Tkachev added that the nation’s first industrial crypto mining body, the Industrial Mining Association, was founded late last month, and noted:
“The association should soon develop into a self-regulatory organization that will be able to shape trends in the sector.”
Is Russian Interest in Crypto ‘Growing’ As Sanctions Bite?
Russian industrial crypto miners have been calling for Moscow to hurry up and legalize their sector for years, as crypto mining currently has no legal status in the country.
In the past decade, major crypto mining firms such as BitRiver have emerged in Russia, while oil and gas producers are using their resources to mine coins.
Some projects involve oil drillers who partner with miners at pump sites, using associated gas to power rigs.

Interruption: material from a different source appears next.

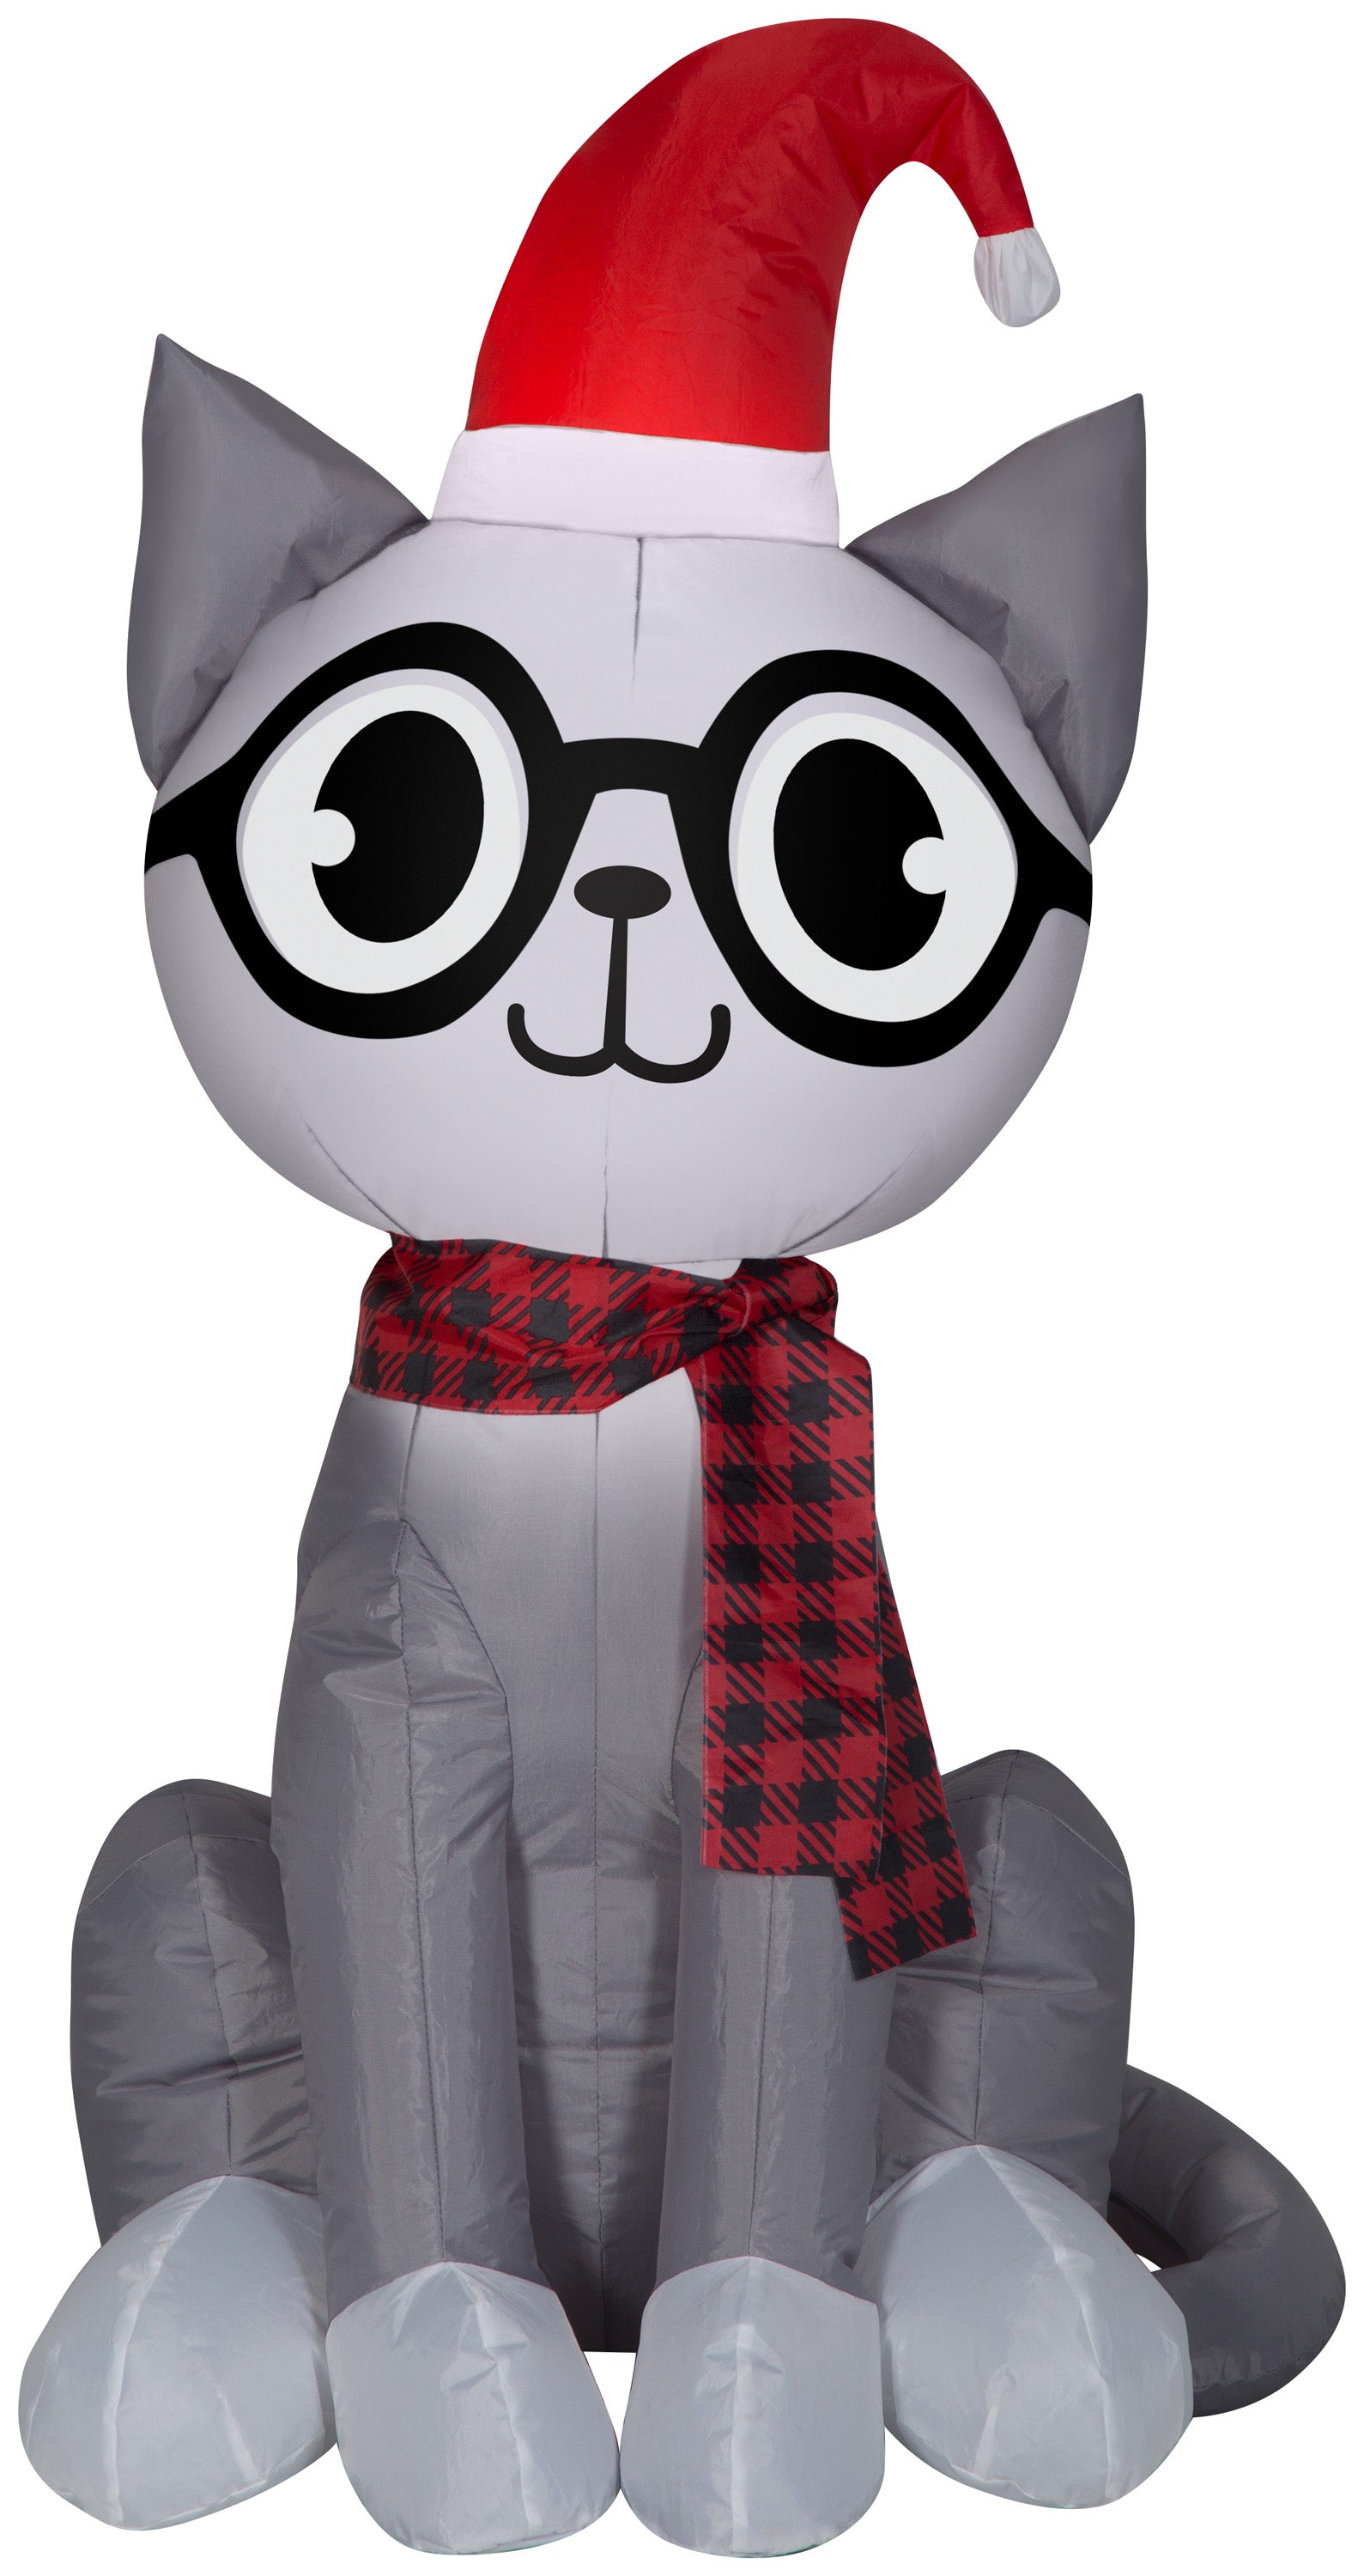 Gemmy Christmas Airblown Inflatable Nerdy Cat, 3.5 ft Tall, grey

And some progressive politicians have said they want to fast-track mining legislation so they can begin taxing the income of industrial miners.
But “home” crypto mining has also boomed in Russia, a country famed for its low energy costs and cold winter weather.
Many use subsidized residential energy to power their rigs, a fact that has blighted and angered Russian power providers over the years.
The lawmaker agreed that there was a “growth in the number of Russian investors in cryptocurrency,” noting that “more than 13 million wallets were opened in the Russian Federation” last year.
Tkachev said that this growth was a “natural” response to international sanctions, adding that the Russian public’s knowledge of “financial literacy” and various forms of “financial assets” has “definitely increased” in recent months.
But while Tkachev suggested that politicians want to discourage citizens from making use of crypto in the “domestic” economy, he conceded that crypto would likely continue to play a role in powering Russian trade.
The lawmaker said:
“The [Russian] state cannot officially carry out transactions in cryptocurrency yet. And Russian companies, trading with colleagues from other countries, unfortunately, are also limited in their capacities to [use crypto]. But, I think that this will change by the end of this year and the first half of next year.”
Tkachev added that crypto adoption of this sort would likely continue in the short term, as will the use of Central Bank-powered alternatives. He concluded:
“Expect to read headlines about a [Russian] state corporation or a state-run company becoming the first to conduct an international transaction with an overseas partner using cryptocurrency or the digital ruble.”